Certain medications may cause swelling in the extremities as a side effect of the drug. Calcium channel blockers used to treat conditions, such as high blood pressure and migraines, may cause edema because the medication works to block calcium from entering cells in the blood vessels and in the heart. This blockage of calcium causes the blood vessels to relax and dilate. The dilated blood vessels allow excessive fluid to pool in the extremities. Additional medications that may cause swelling include medications used to treat high blood pressure, nonsteroidal anti-inflammatory drugs and thiazolidinediones, which treats diabetes, according to MayoClinic.com.
Kidney and Liver Failure
Functions of the kidneys and liver include removing waste products from the body. If these organs do not function correctly because of damage, the body may retain excessive amounts of fluid, increasing the risk of developing edema in the hands, legs and feet.
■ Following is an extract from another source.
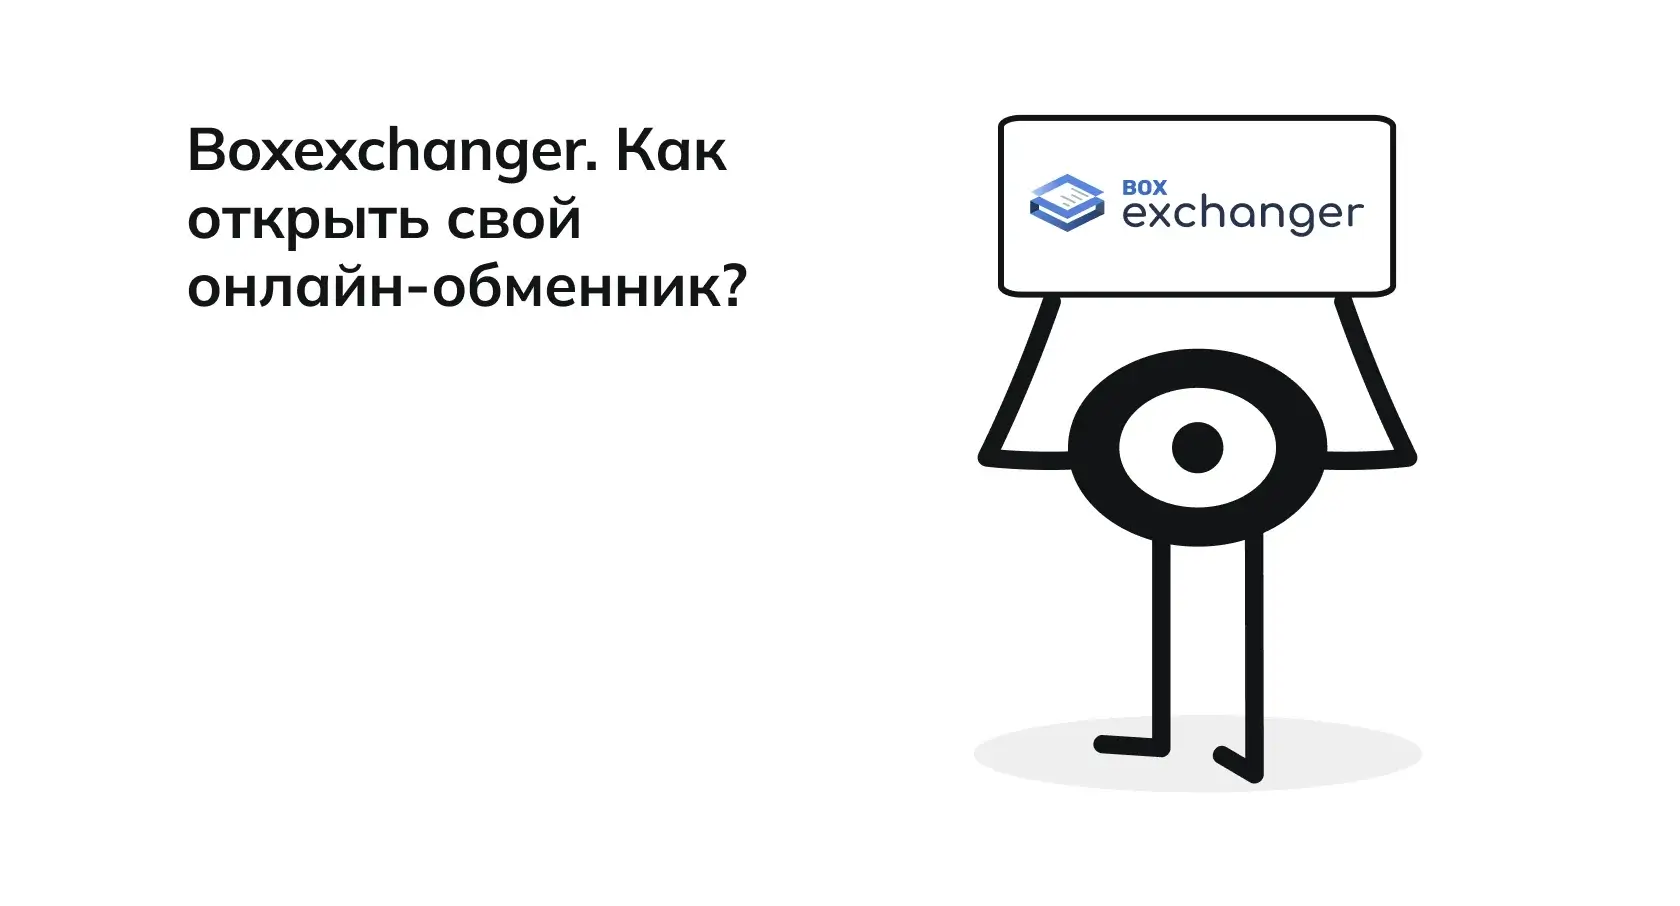 BoxExchanger: Как открыть свой собственный онлайн-обменник?

An injury, such as a sprain to the knee, ankle or wrist or a broken bone in the hand, foot or leg, may cause swelling to occur in the area. First aid treatments, such as ice, may help reduce the swelling.
Deep Vein Thrombosis
A deep vein thrombosis is a blood clot in one of the deep veins in the body. They most often occur in the legs, but may also occur in the arms. Symptoms of a deep vein thrombosis include pain in the affected extremity and swelling in the area.